Uber announced the details regarding its new and open source real-time analytics engine, AresDB, yesterday. AresDB, released in November 2018, is Uber’s new solution for real-time analytics that helps unify, simplify, and improve Uber’s real-time analytics database solutions. It makes use of graphics processing units (GPUs) and an unconventional power source to help analytics grow at scale.
AresDB’s architecture explores features such as column-based storage with compression (for storage efficiency), real-time ingestion with upsert support (for high data accuracy), and GPU powered query processing (for highly parallelized data processing powered by GPU).
Let’s have a look at these key features of AresDB.
Column-based storage
AresDB stores data in a columnar format. Values in each column get stored as a columnar value vector. Nullness/validity of any values within the columns get stored in a separate null vector, where the validity of each of these values is represented by one bit. There are two types of stores, namely live and archive store, where column-based storage of data takes place.
Live Store
This is where all the uncompressed and unsorted columnar data (live vectors) gets stored.
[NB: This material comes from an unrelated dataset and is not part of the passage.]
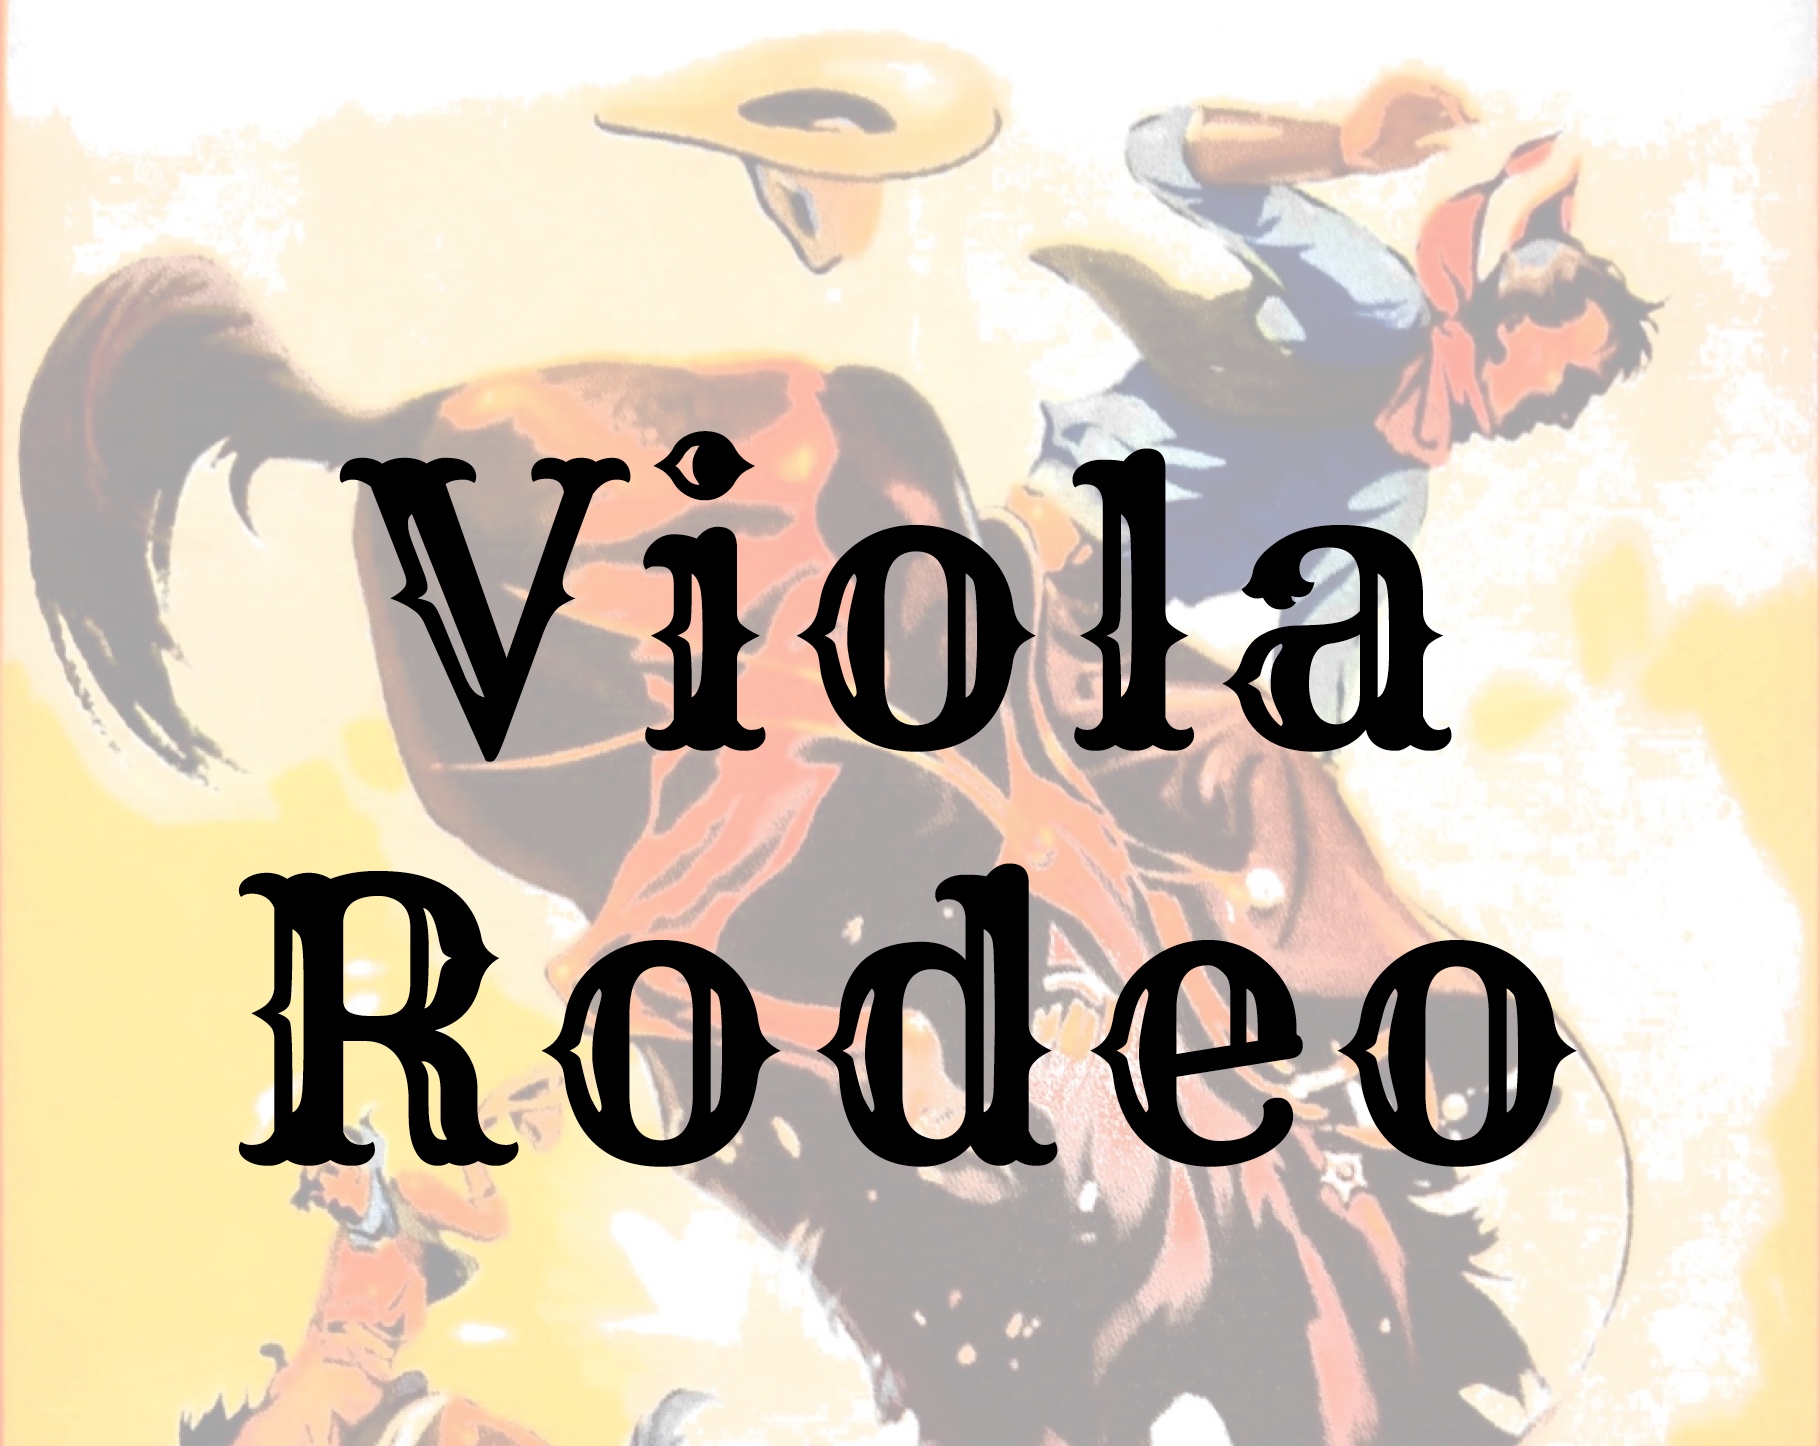 Viola Rodeo, Texas Tech University School of Music, 2018

Data records in these live stores are then further partitioned into (live) batches of configured capacity. The values of each column within a batch are stored as a columnar vector. Validity/nullness of the values in each of these value vectors gets stored as a separate null vector, where the validity of each value is represented by one bit.
Archive Store
AresDB also stores all the mature, sorted, and compressed columnar data (archive vectors) in an archive store with the help of fact tables (stores an infinite stream of time series events). Records in archive store are also partitioned into batches similar to the live store. However, unlike the live batches, an archive batch is created that contains records of a particular Universal Time Coordinated (UTC) day. Records are then sorted as per the user configured column sort order.
Real-time ingestion with upsert support
Under the real-time ingestion feature, clients ingest data using the ingestion HTTP API by posting an upsert batch. Upsert batch refers to custom and serialized binary format that helps minimize the space overhead while also keeping the data randomly accessible.
Real-time ingestion with upsert support
After AresDB receives an upsert batch for ingestion, the upsert batch first gets written to redo logs for recovery. Then the upsert batch gets appended to the end of the redo log, where AresDB identifies and skips “late records” (where event time older than archived cut-off time) for ingestion into the live store. For records that are not “late,” AresDB uses the primary key index that helps locate the batch within the live store. During ingestion, once the upsert batch gets appended to the redo log, “late” records get appended to a backfill queue and other records are applied to the live store.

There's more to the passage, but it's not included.